I did read about this issue. Is it a viable measuring technique to have both the right and left mains play the sweep simultaneously while taking the measurements? Maybe run them from 400hz up to 20khz simultaneously, and apply those PEQ settings to both. then run them again, individually, with a 20hz - 400hz sweep?



Wayne A. Pflughaupt said:


> Since you appear to be new to full-range measurement, here’s some recommended reading.
> 
> Minimal EQ (at least the first two posts)
> House Curve
> ...


Great stuff. I am new to performing measurements like this on my home theater, although not new to sound system calibrations. I've calibrated some rather large venue, full range, systems ... hence the PRM1 microphone. I usually use SMAART though, which is integrated into the hardware I use. 

Thanks for the articles, I did not read them all yet, but agree with what I've seen thus far. When it comes to EQ'ing, less is definitely preferable, as well as reductions over increases. Most people who have experience with GEQs, who start using PEQs, don't realize how powerful a PEQ really is. In my large venue setup I have 8 assignable 31 band GEQs, and one 3-band PEQ per bus (and per channel); and I mainly use the bus PEQs only for room correction, leaving the GEQs off. 

Before I saw your post here, I had taken measurements of each speaker already. I used 1/6 smoothing and ran the sweeps on the sub from 20hz - 120hz, and sweep on the mains from 80hz - 20khz. I did my measurements connected directly to the amplifiers, but have the UMC-200 bass management setup with a 100hz crossover at 24dB. I'm not sure yet if this will cause unwanted increase in the crossover range, but will find out tonight. 

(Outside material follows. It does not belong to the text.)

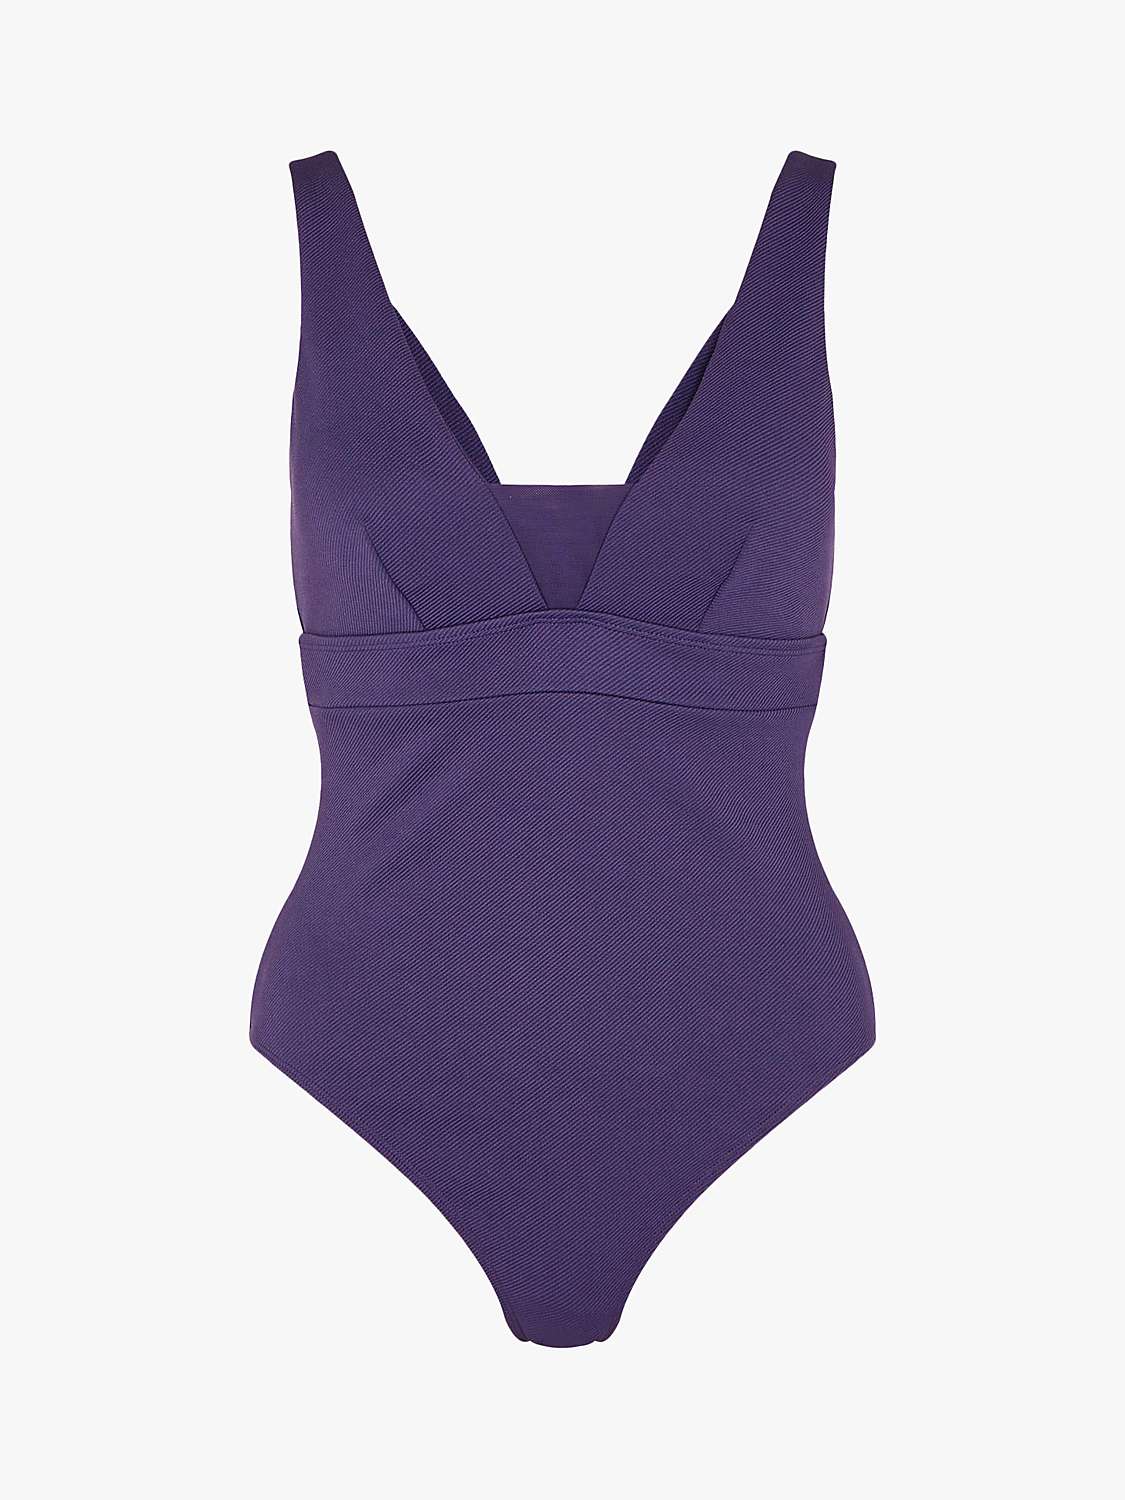 Buy Accessorize Rib Lexi Shaping Swimsuit, Navy Online at johnlewis.com
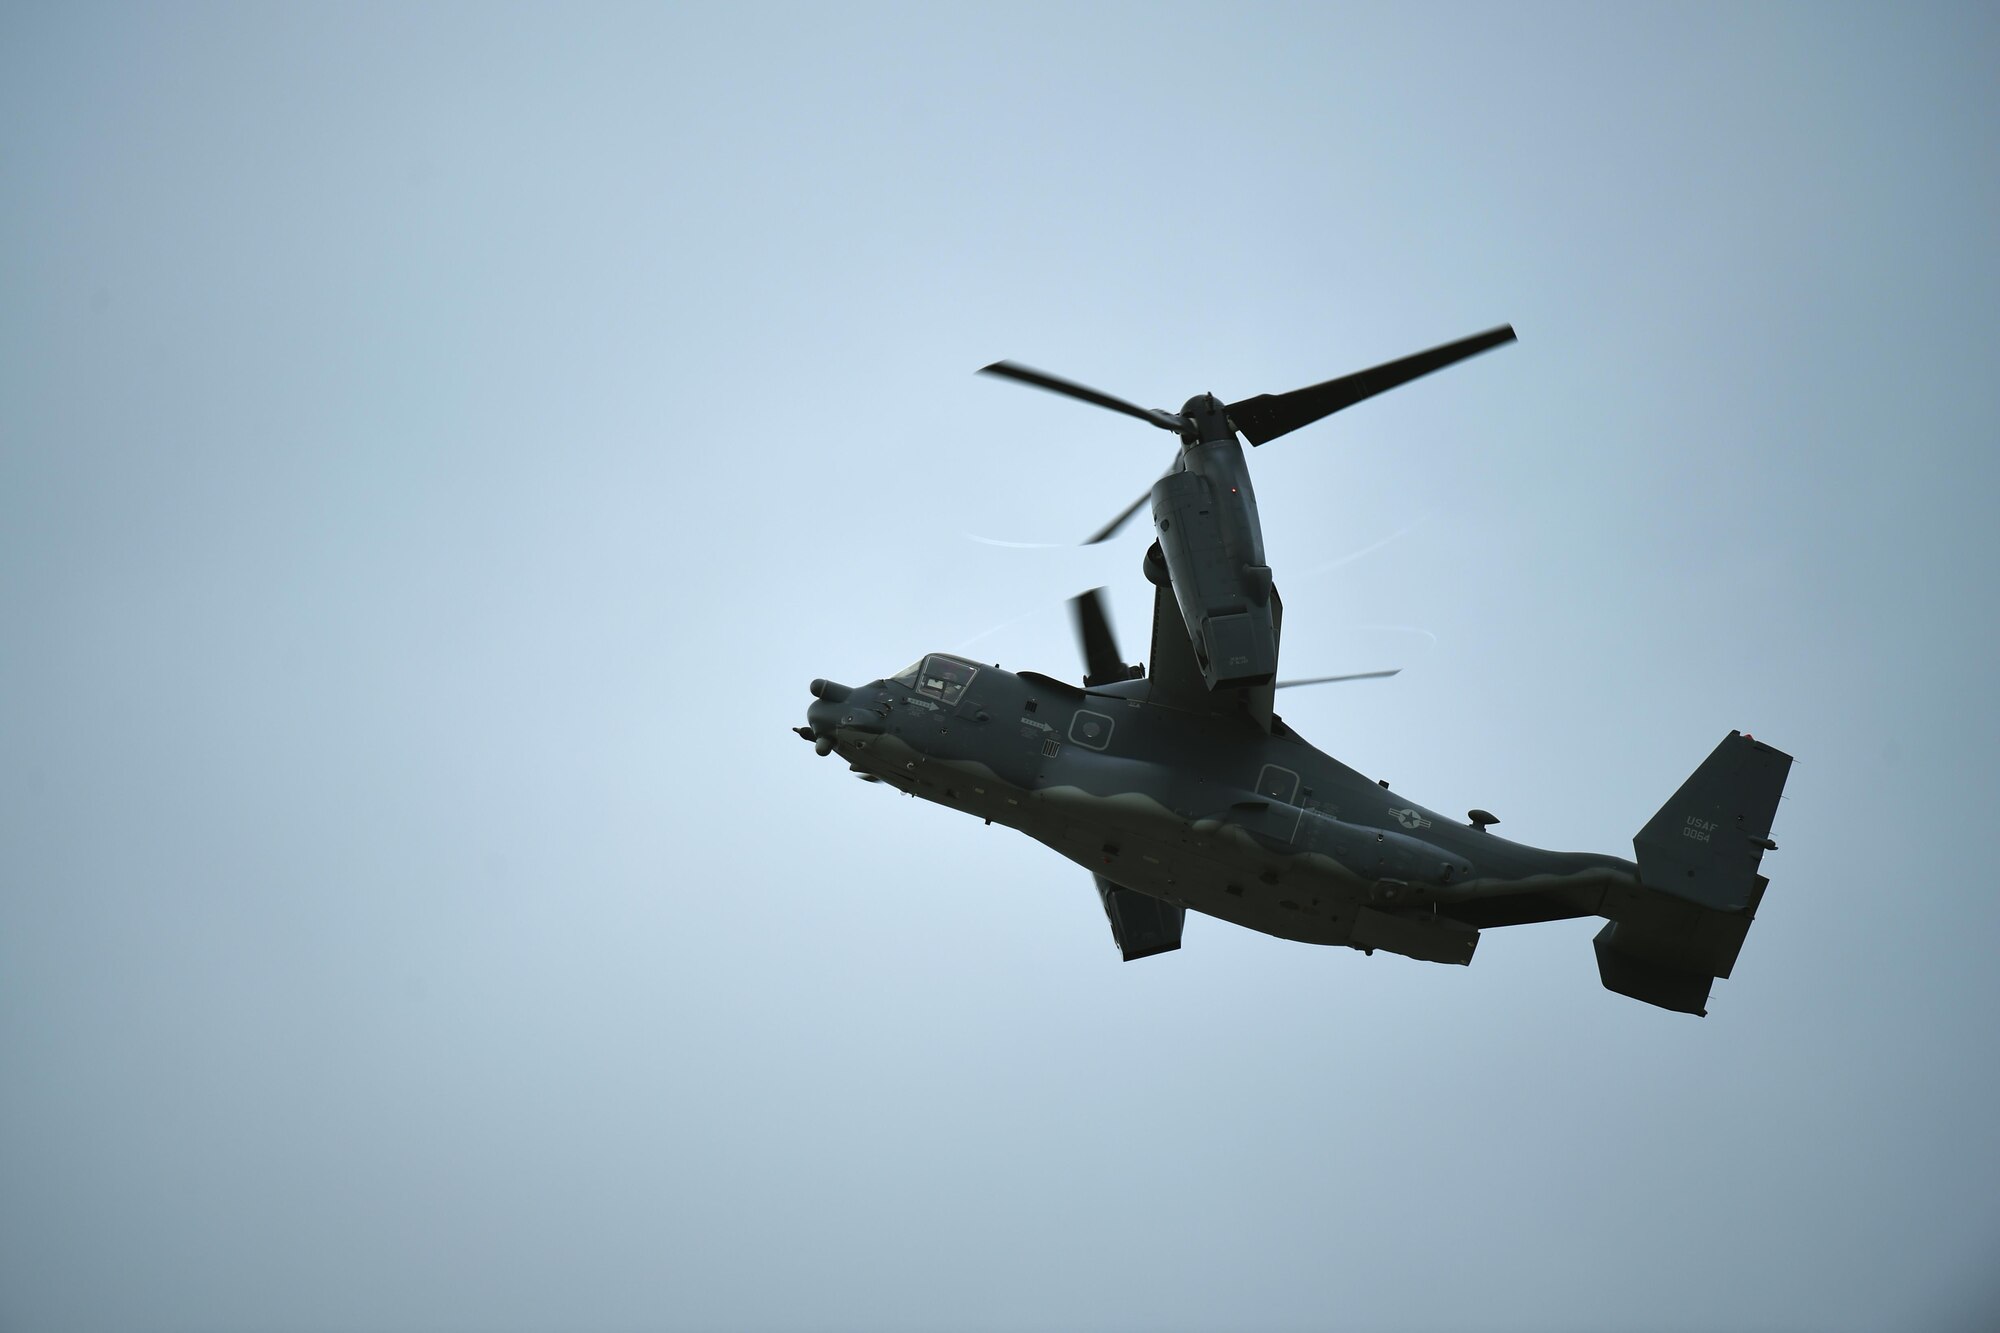 A CV-22 Osprey from RAF Mildenhall, demonstrates it ability to transition from vertical to horizontal flight during the 2016 Royal International Air Tattoo, hosted on RAF Fairford, United Kingdom, July 8-10, 2016. RIAT 16 afforded an opportunity for new aircraft, like the F-35 Lightning II, to be displayed alongside crowd favorites and provided a weekend of fun and entertainment for the projected 160,000 visitors. (U.S. Air Force photo by Airman 1st Class Zachary Bumpus/Released)

I also moved the target line to cross through the center of the natural curve; then let REW do it's auto-thing to suggest PEQ bands for compensation. For the sub and center, 75dB was perfect. For the mains and rears, 73dB was right, and for the front heights, 70dB placed the target in the middle. Your thought on using a hard knee curve is a good one, and I hadn't considered that before setting off to do my measurements. I'll have to do some critical listening and may take the measurements again implementing your idea.



Wayne A. Pflughaupt said:


> The Earthworks M30 is an excellent measurement mic known to have verifiable flat response, and it cost nearly $700. The Presonus mic only costs about $100, so I would have my doubts as to how accurate it really is. Most of these mics use off-the-shelf capsules which typically vary from one sample to the next.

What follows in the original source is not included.